Brockville residents were split on the issue when asked, with some wanting to save Brockville’s history, and others saying the time has come.

“I have no concern of it going because to me it does not look to be that nicely kept,” said Valery Blackburn. “It’s a bit of an eyesore. As long as they don’t convert it into another parking lot.”

“Well, briefly, I’m very disappointed,” said Ted Abbott. “I just hate to see that kind of decision-making by the council. I think we need to keep that kind of antiquity around Brockville.”

Journal says while there is talk about the corner becoming another parking lot, a green space has been discussed as well as an information centre. 

“I really do see both sides of it and I’m really hoping that we made the right decision last night,” Journal added, thanking Runciman for spearheading the volunteer group. 

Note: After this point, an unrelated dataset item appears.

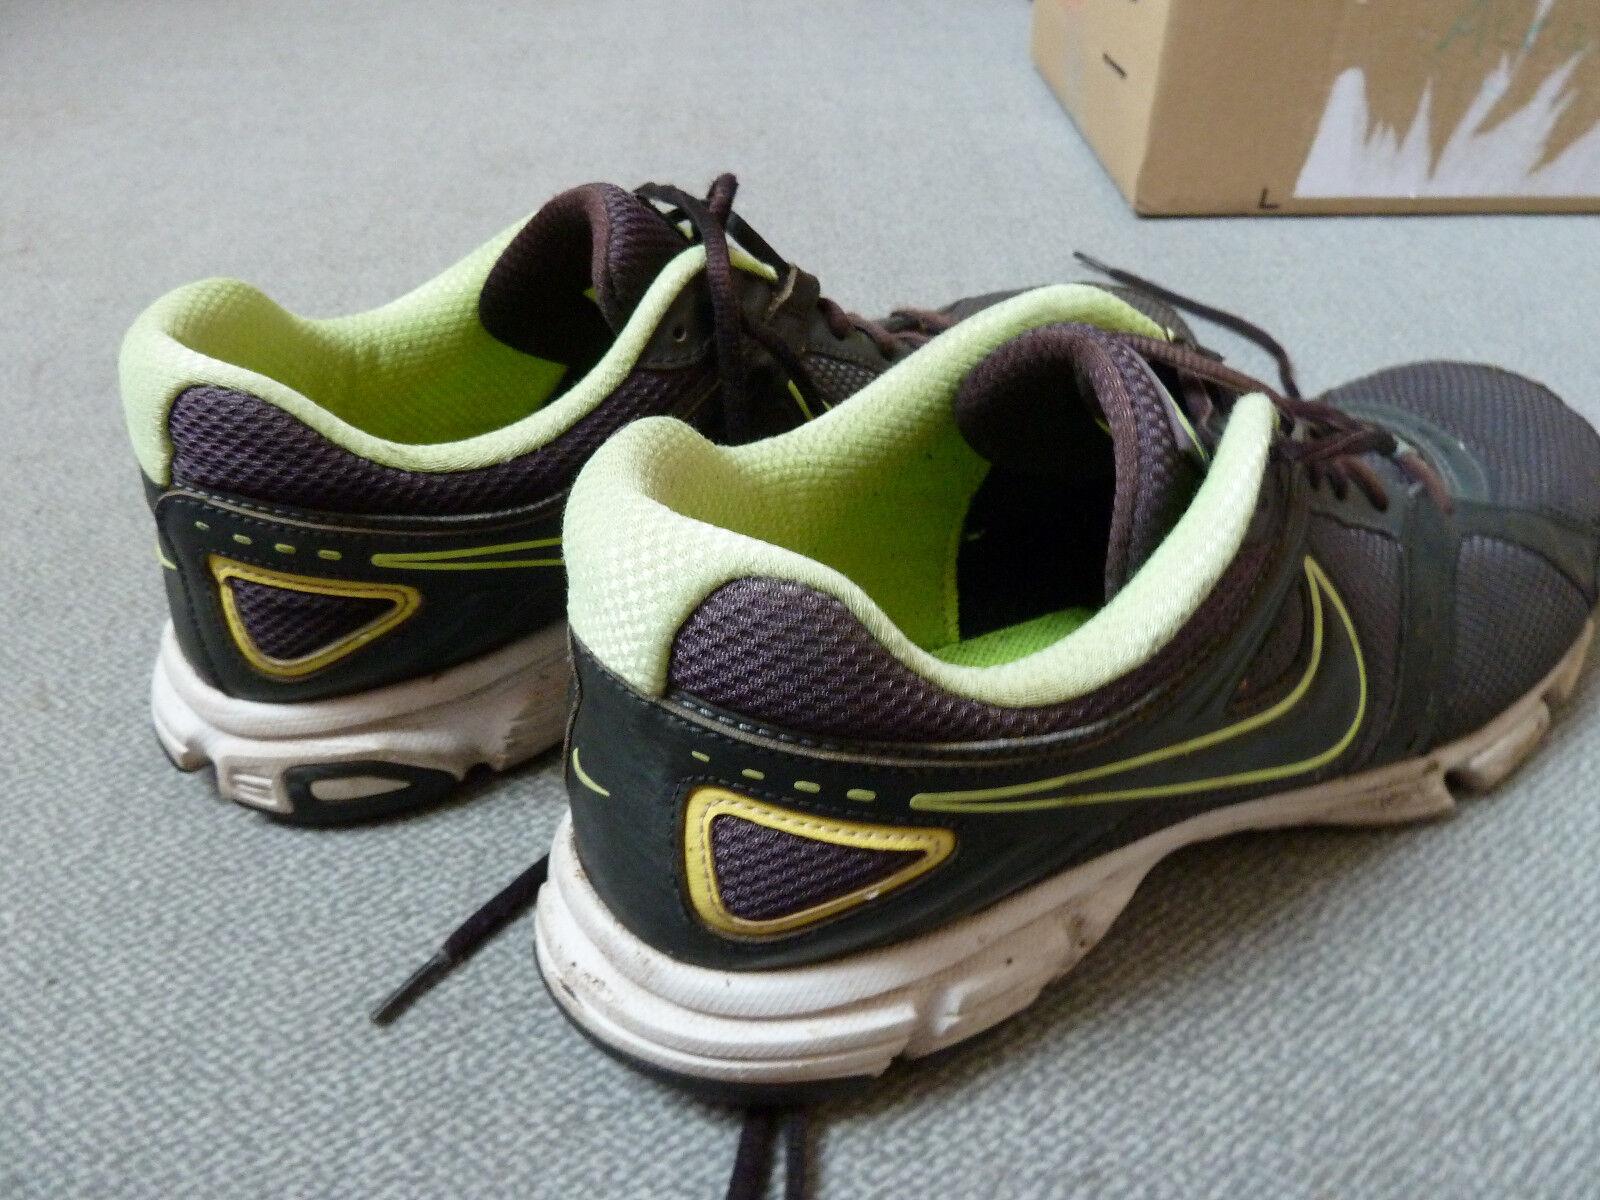 100 % Original NIKE Downshifter 4, Gr. 47,5 / US 13 / 31 cm - Nike # 472816-001

“(He does) a lot for our community, we really appreciate it,” Journal said. “I’m kind of sorry we aren’t moving forward with your initiative. On the other hand, as I said, I am really looking forward to a new beautiful development in that area at some point.”

“We had to make the decision, either to move forward or not to move forward,” he added. 

While Runciman thinks the city should hold off on tearing it down until another development plan is in place, he hopes there still might be a slim chance to save the building once a new Council is sworn in.

“It would depend on the number of newcomers and how they feel about this whole question of restoration versus demolition,” Runciman said, praising incoming mayor Wren for pressing the issue of tearing down a historical building. 

“By demolishing this property they are in effect violating their own official plan where’s there’s a commitment to retain and protect historic properties within the city boundaries,” Runciman said. 

“He said that there’s no notwithstanding clause here, but we are moving ahead, and I thought that was a very telling and accurate comment.”

“I’m very disappointed, I think it’s the wrong decision,” Runciman added, “But I’ve lost a few battles before in my life and you just keep going on and that’s it. We gave it our best shot and that’s all we can ask for.”